On Sun, 30 Oct 2005 12:39:33 +0000, Roland Perry
wrote:
In message , at 11:14:55 on Sun, 30
Oct 2005, Nick Cooper
remarked:
No, she made the fatal mistake of not having enough Prepay on her
Oyster card, and then boarding despite the card reader on the bus not
giving her a green light and the driver not noticing it. She gambled
and lost. Just like you.
Or she might not have noticed the reader on the bus not giving her a
green light.
Which is akin to her offering cash to the driver and "not noticing"
when he doesn't take it because he's looking elsewhere/dealing with
another passenger. Would she have then been right to continue
boarding, rather than quierying the situation with the driver?
Completely different situation. Especially the amount and style of
feedback to the passenger.
Even the passenger is not claiming that she got a green light to
signify a valid reading, rather she is claiming that she didn't get an
acknowledgement of an _invalid_ reading. The comparison, therefore, if
perfectly valid.

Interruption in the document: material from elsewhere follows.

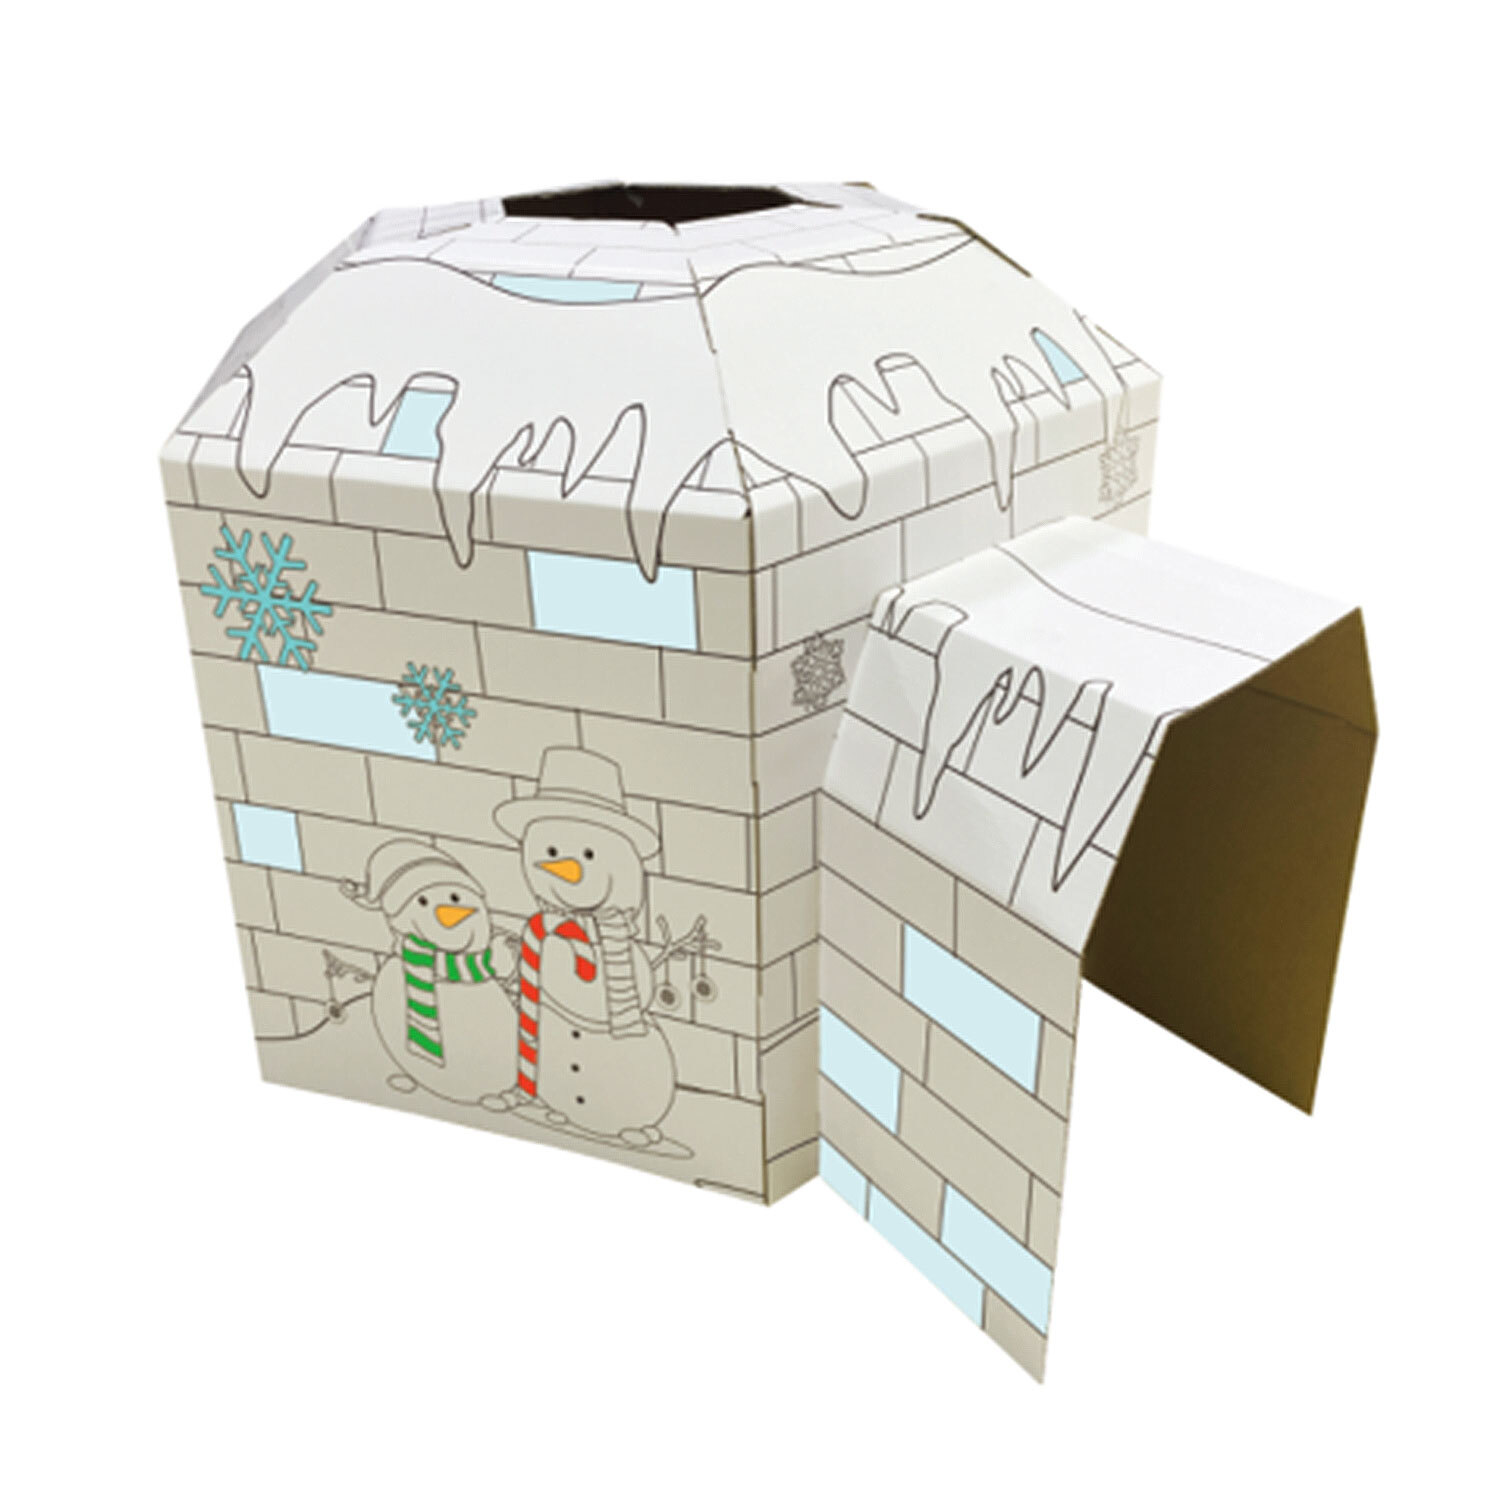 Build Your Own Igloo Kit Image

Unless she is completely stupid, she will have known
full well that she didn't pay to get on the bus.
Green light = You've paid; carry on boarding.

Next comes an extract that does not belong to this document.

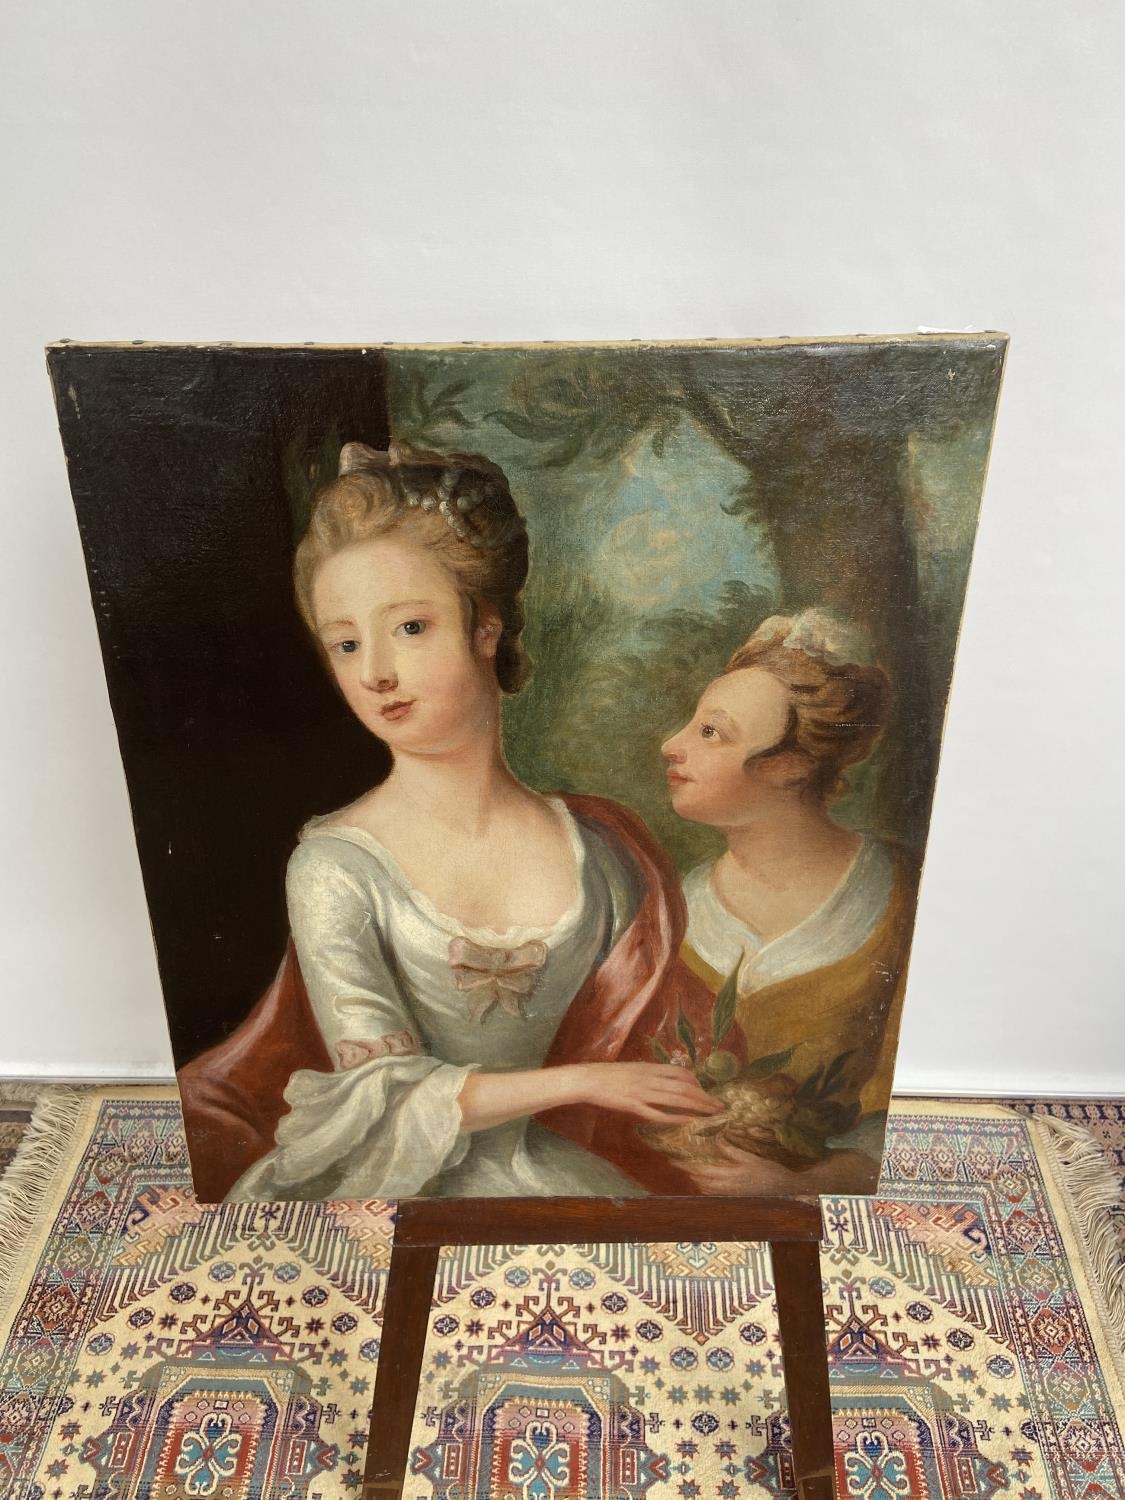 An 18th/19th century oil painting on canvas depicting two ladies posing [74x61cm]

Red light = You've not paid (for whatever reason); re-touch or query
with driver.
No response = You've not paid; re-touch or query with driver.
It's hardly rocket science, is it?
(Does anyone else think it's odd that tube gates "acknowledge" the
receipt of a paper ticket by putting on a red, or is it orange, light?
So passengers begin to associate success with that.)
Presumed innocent until the case has come to court, eh?
Prseumed stupid in this case, more like.
Until you've heard the facts, not some garbled reporting of
pseudo-facts, you have no idea.
On the contrary, I am basing my judgement on what was so obviously
_not_ reported in the inevitably pro-(this particular)passenger,
anti-TfL version in the 'Standard': "[She] insisted she had passed her
card over the reader and neither the machine nor the driver warned her
that the payment had apparently failed." What is absent, of course,
is any claim that the machine acknowledged a successful payment, which
would probably be a bluff to far, even for her.
--
Nick Cooper
[Carefully remove the detonators from my e-mail address to reply!]